- _Exercise aim_:
Write out again the lines from the line with "A single green" up to and including the line with "Ebtools Rectangle Led", exactly as they stand below, and skip any picture.

- _Records_:
--------------------

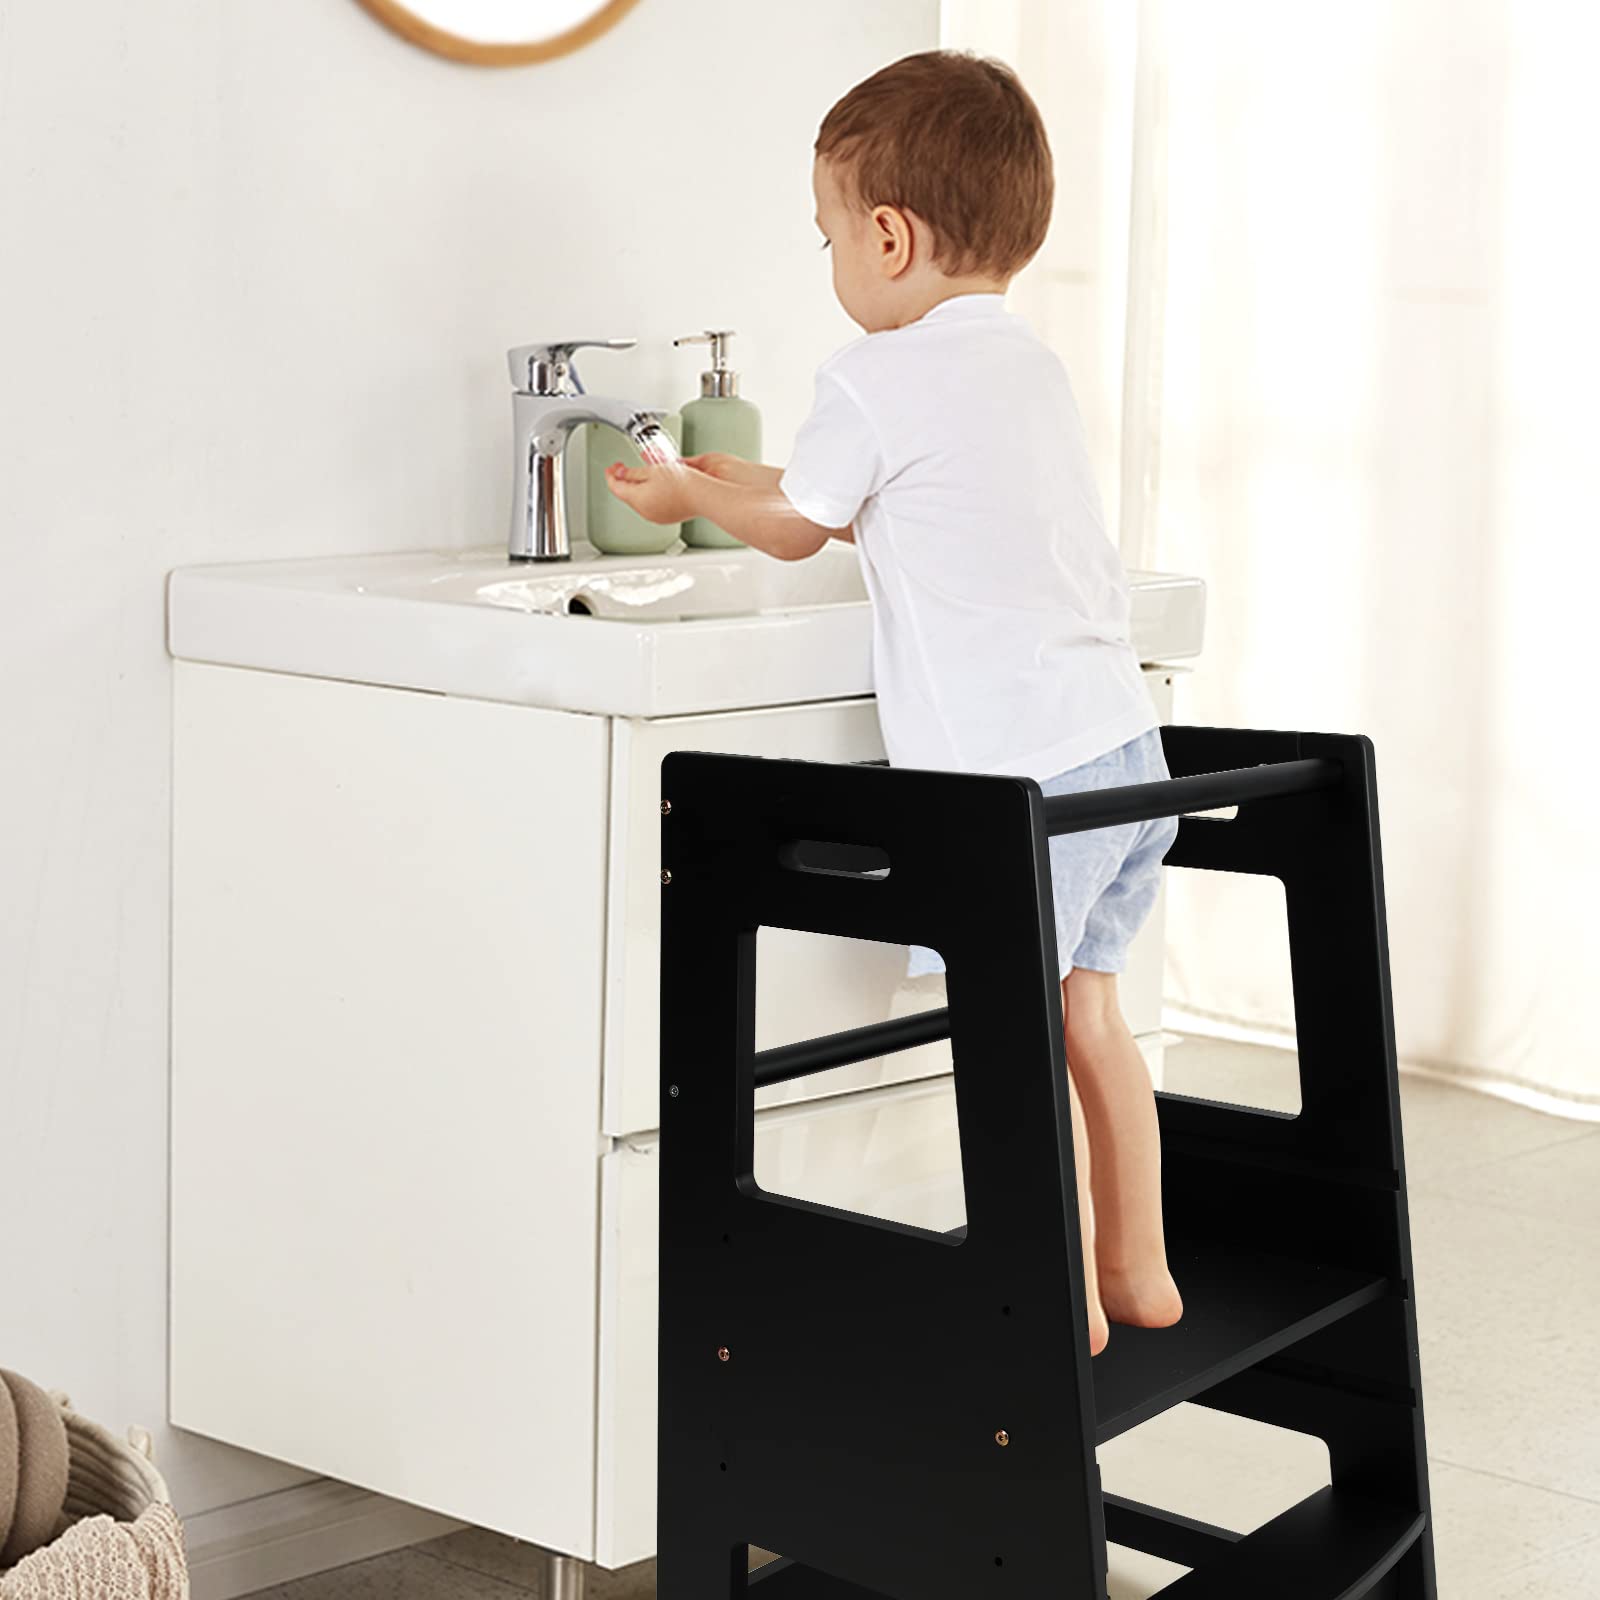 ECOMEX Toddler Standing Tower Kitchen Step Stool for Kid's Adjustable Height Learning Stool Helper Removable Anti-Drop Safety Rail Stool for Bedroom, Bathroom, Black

--------------------

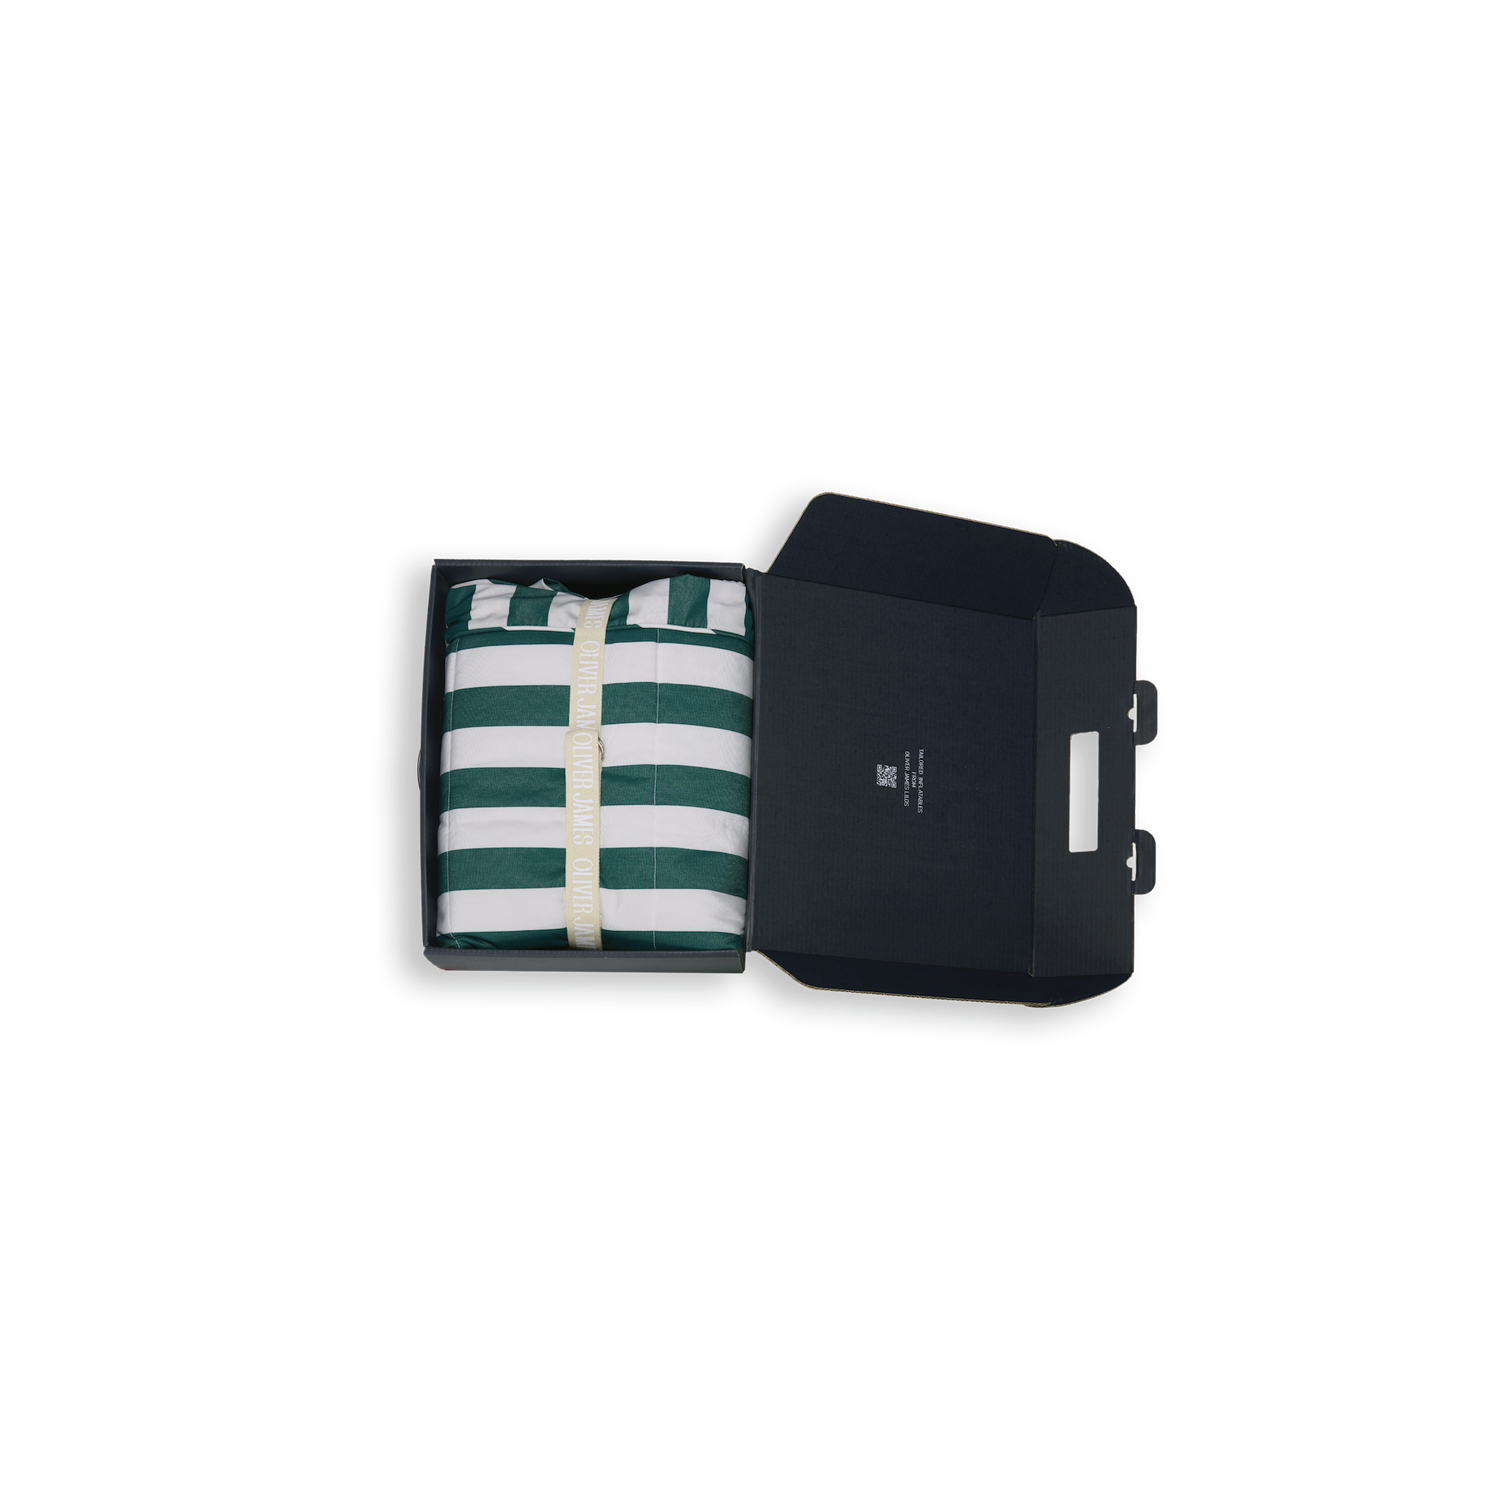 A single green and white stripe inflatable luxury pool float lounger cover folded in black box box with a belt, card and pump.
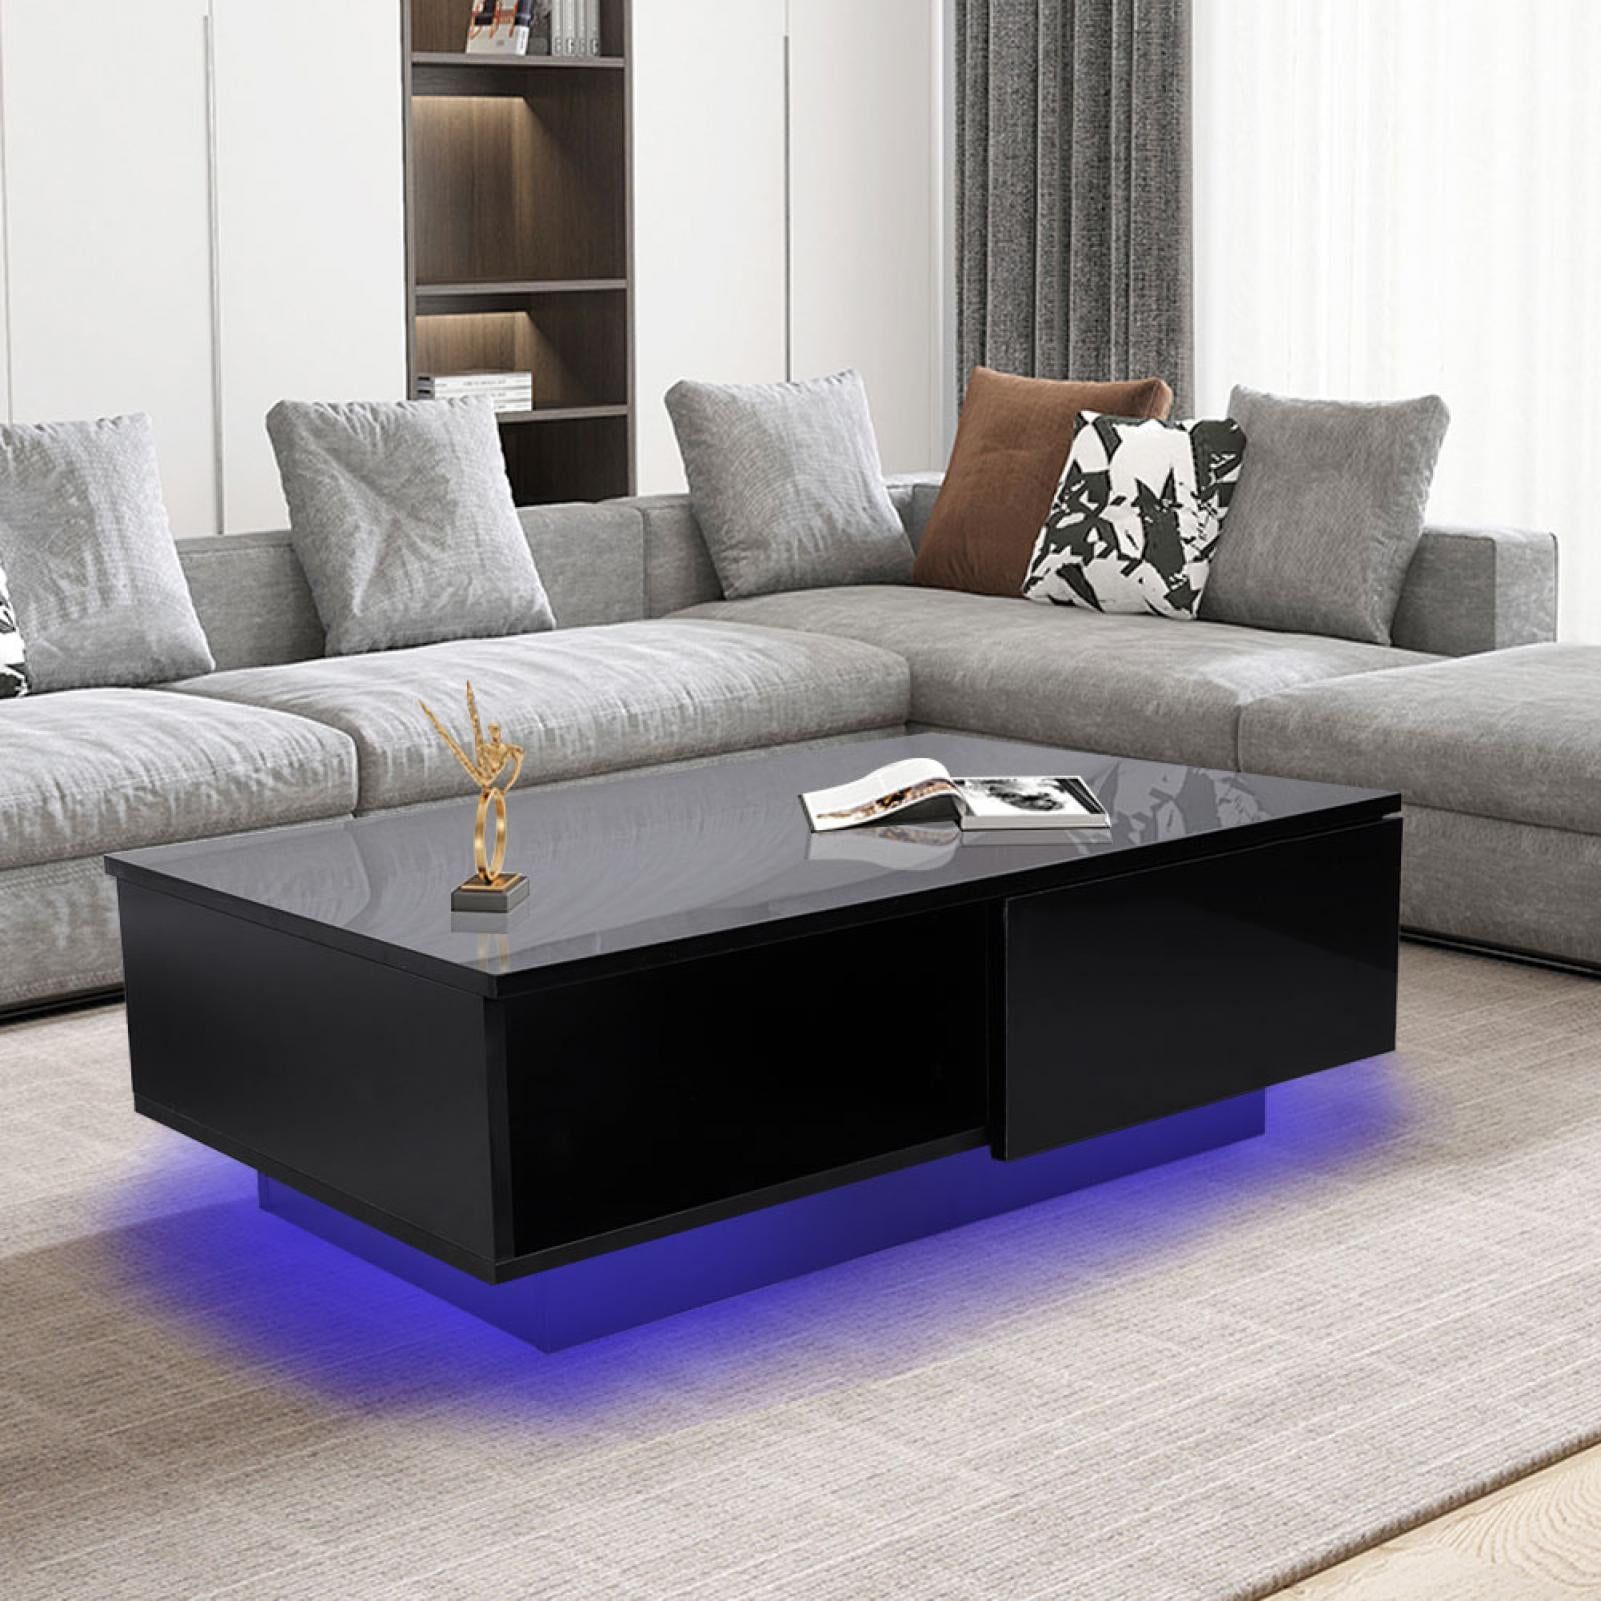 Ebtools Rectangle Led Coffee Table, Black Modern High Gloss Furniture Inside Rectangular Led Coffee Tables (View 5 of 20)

--------------------

- _Your solution_:
 A single green and white stripe inflatable luxury pool float lounger cover folded in black box box with a belt, card and pump.
 Ebtools Rectangle Led Coffee Table, Black Modern High Gloss Furniture Inside Rectangular Led Coffee Tables (View 5 of 20)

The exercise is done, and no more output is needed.